Leveraging regular expressions within MCMS implementations

What are regular expressions?

Regular expressions (regex) is one of the few things that even some of the more experienced developers haven’t wrapped their brain around. As Roy Osherove puts it:

Regular expressions are among the most “mysterious” and “black art-like” technologies out there for developers.
Reference: The Regulator help →

For those who aren’t familiar with regex, they provide a flexible and powerful text processor. You can use them to search for specific substrings within a string or do specialized search & replaces. Mastering them can dramatically improve the performance of your code as and speed up the completion of many of your tasks.

“I can already do that using string.Substring() and string.Replace()… why do I care about regex?”

Good point. Regex allows you to look for patterns within strings using expressions and conditionals within your search query. To demonstrate the power of regex consider the following: You need to replace all email addresses within a string with a hyperlinked string that when clicked, will trigger a new mail within the user’s default email program. Sure, you can do it without regex, but look how easy it is using the .NET built-in regex support:

public string EncodeEmailLinks(string stringToBeEncoded) {
  string regex = @"(?\w+[\w.]*@[\w\.]+\.\w+)";
  System.Text.RegularExpressions.RegexOptions options =
  (
    System.Text.RegularExpressions.RegexOptions.IgnorePatternWhitespace
    | System.Text.RegularExpressions.RegexOptions.Multiline
    | System.Text.RegularExpressions.RegexOptions.IgnoreCase
  );
  System.Text.RegularExpressions.Regex reg = new System.Text.RegularExpressions.Regex(regex, options);
  return reg.Replace("[email protected]", "${email}");
}

That only took 4 lines! Hopefully you can see the power of regular expressions… if not… well that’s not the point of this post; I want to share with you how I think it could help you with your MCMS sites.
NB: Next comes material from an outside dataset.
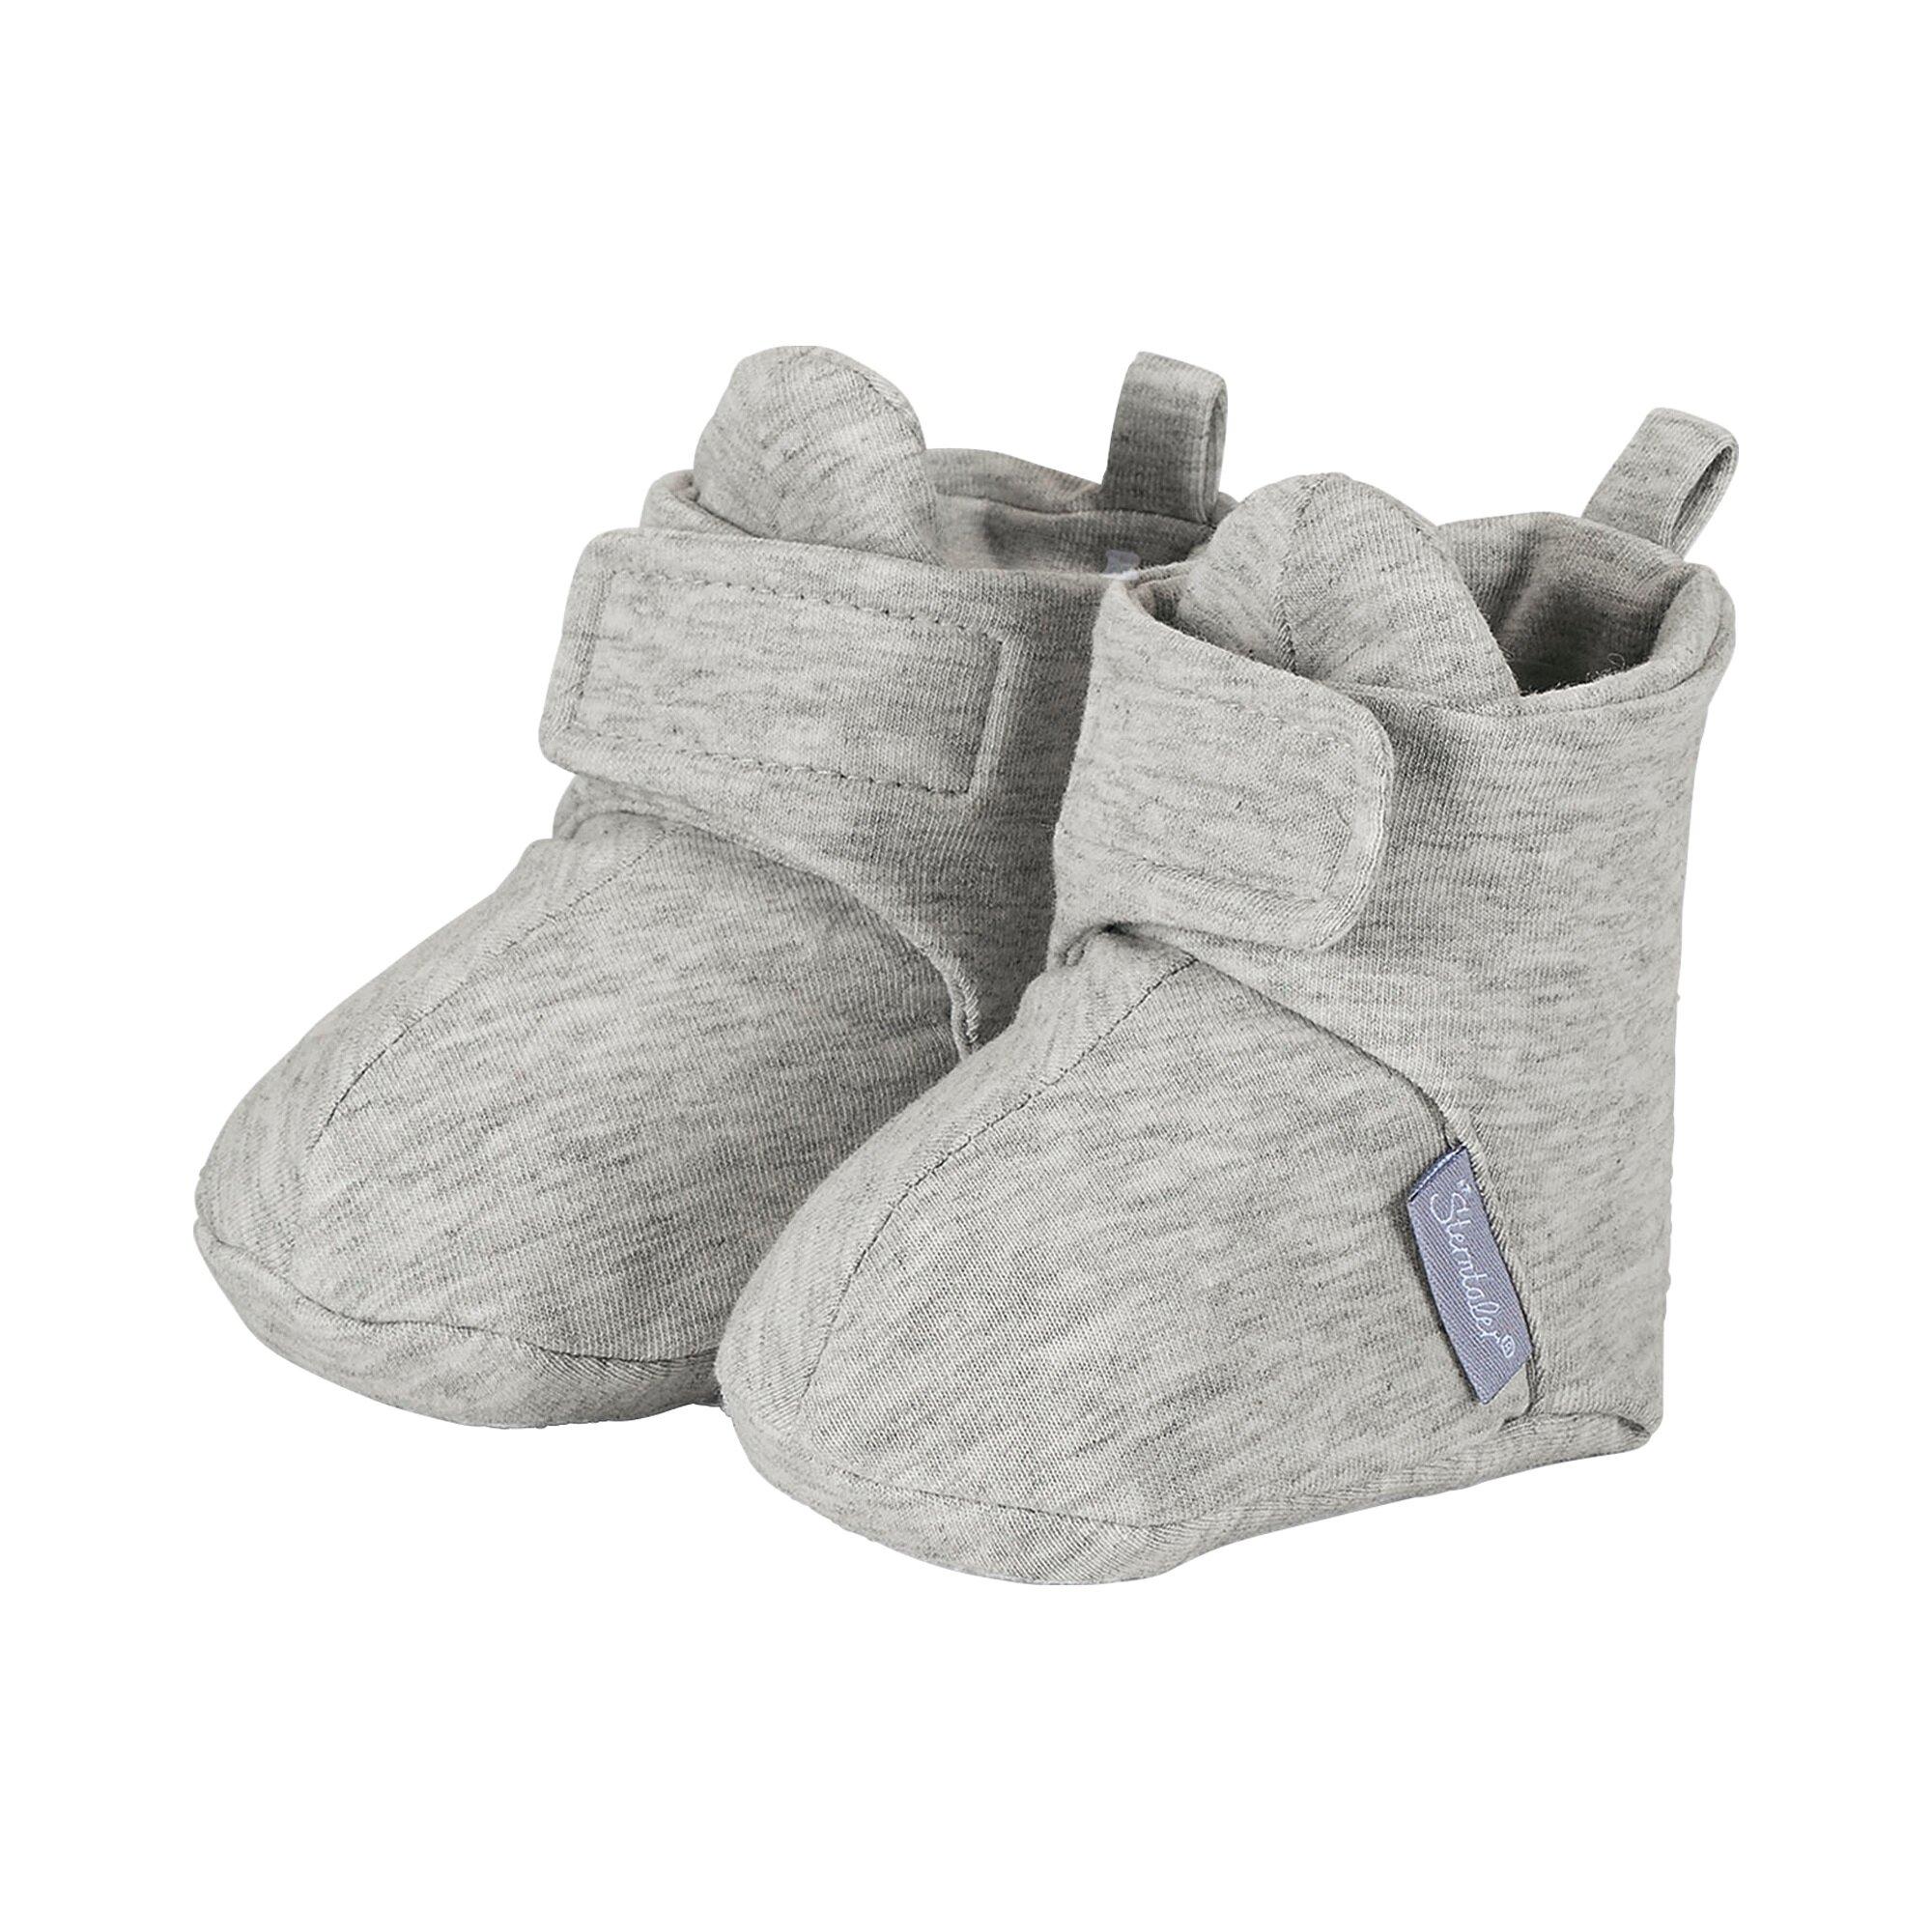 Sterntaler Boots Klettverschluss

How can regular expressions be used in a MCMS site to your advantage?

A powerful text processor can be applied to various applications in many different ways. As with MCMS, we could use it in many different ways, such as:

Validate a GUID
Extract a GUID from a URL
Find (and replace) specific strings within content for validation

The cases above are only a few of the possibilities. Sure, there are other ways to do it. In fact, regular expressions, as many technologies, aren’t always the best way o solve a problem. Let me show you one way I used regex within a recent MCMS project… you may even be doing the same thing we were doing before we implemented the regex solution!

First, a brief introduction: we were using XML, XSLT, and ASP.NET caching to deliver a very workable navigation solution for a MCMS site. This solution involved a lot of what I call “channel walking” where the code has to walk up and down the channel tree similar to what you may do with XML documents. After implementing a regex solution the code was much more readable and maintainable, and even after removing all caching, it was still noticeably faster!
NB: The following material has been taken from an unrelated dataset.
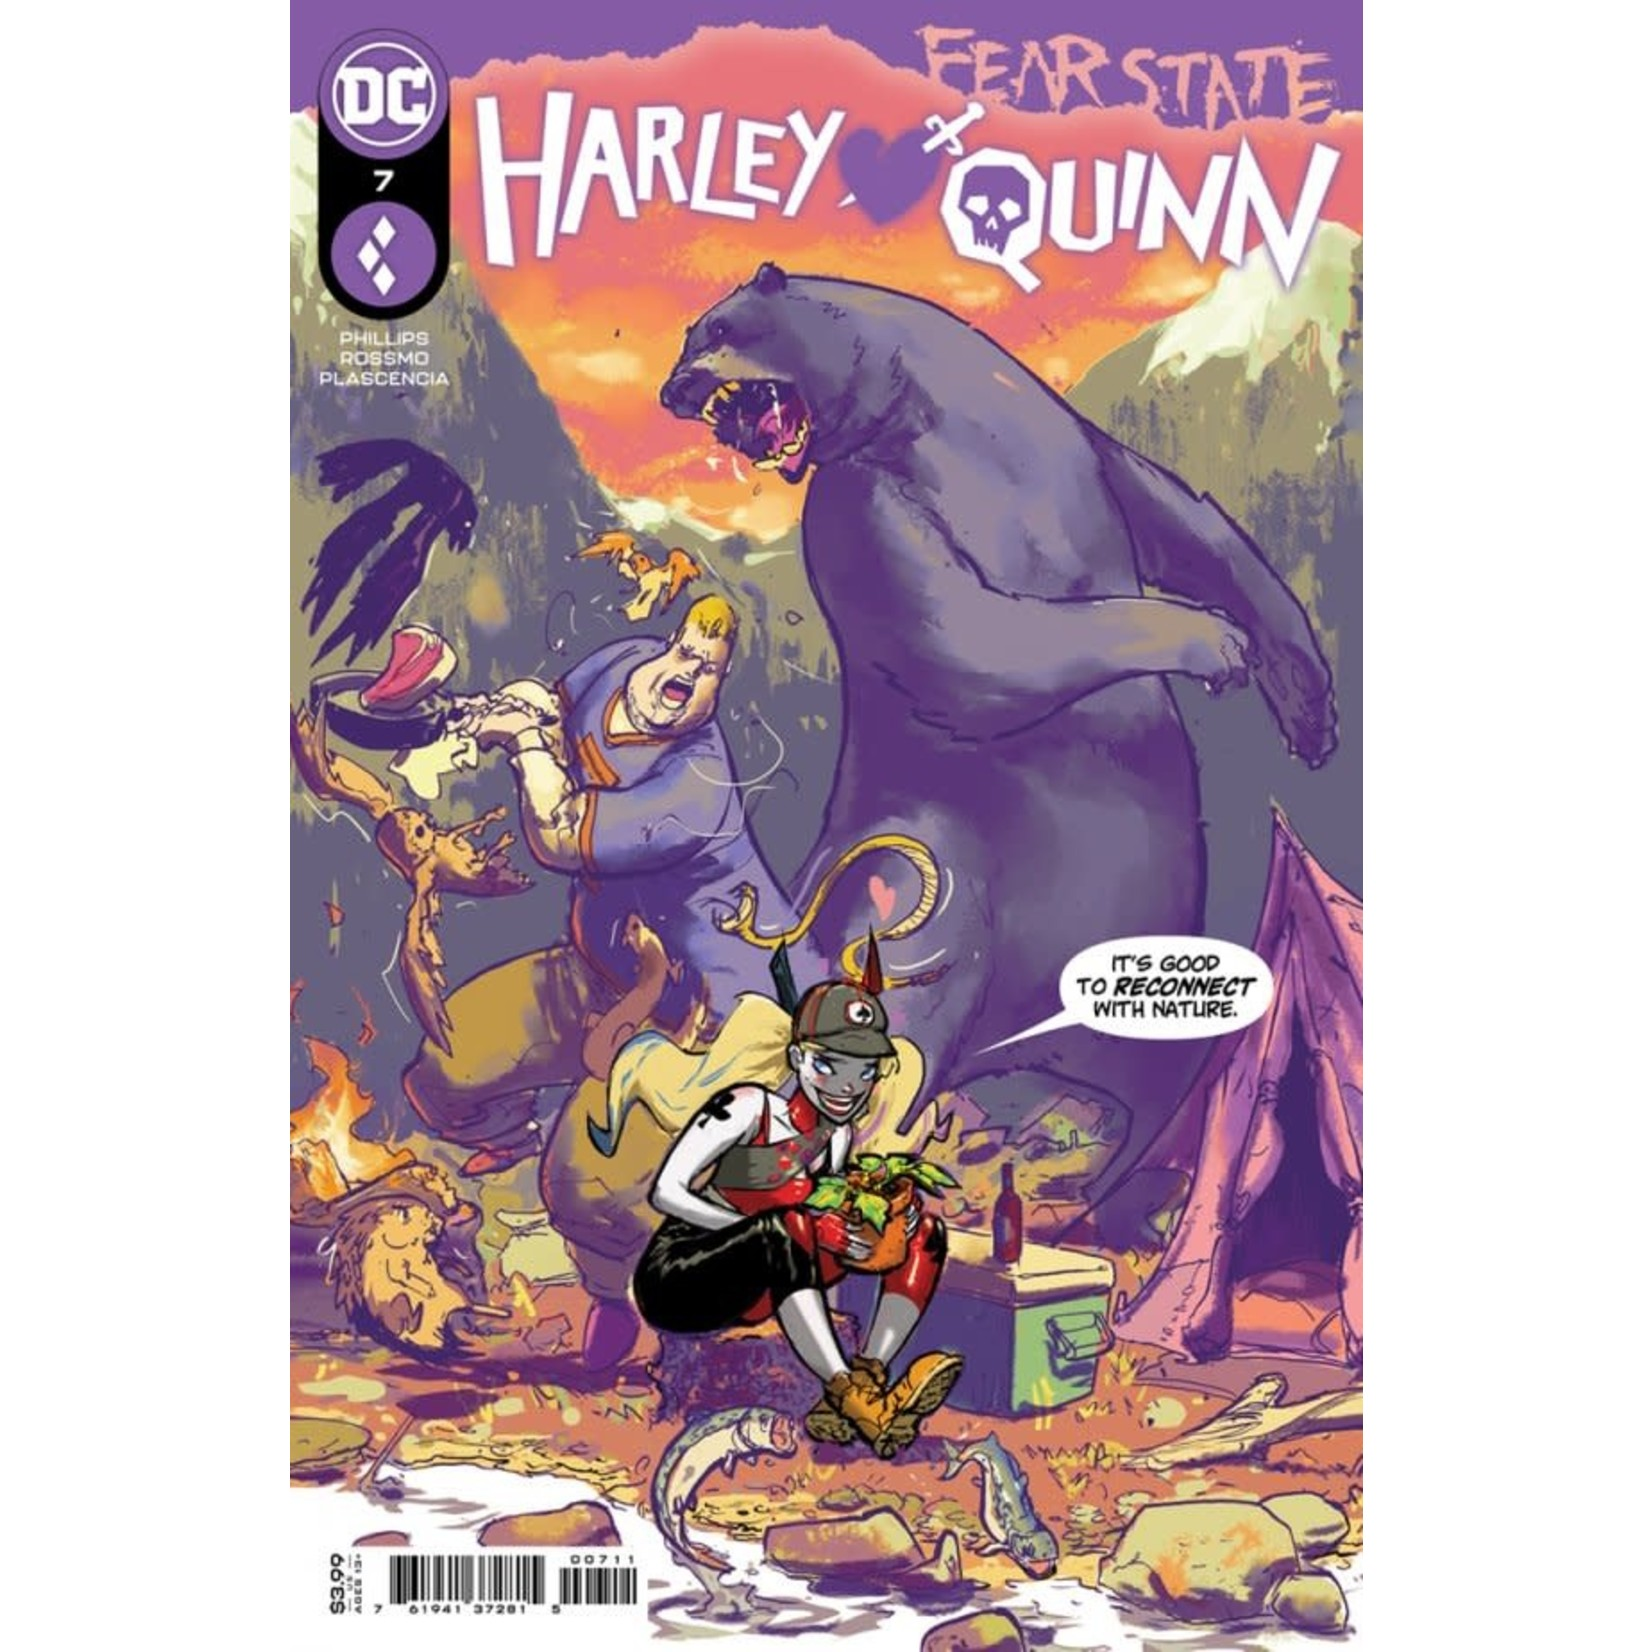 DC Comics Harley Quinn #7

The site’s channel structure was something like the tree to the right.

The SiteRoot is the root of the site. I’m going to refer to the channels under SiteRoot as sections. Within the Markets section each market was represented with its own channel. In addition a market may serve a non-English market so it may need one or more additional translations. Each translation of the market content was represented with its own channel.

The global navigation had the following requirements:

When the current posting was within the root of the site (within the SiteRoot channel), the navigation needed to show a list of all the top-level channels.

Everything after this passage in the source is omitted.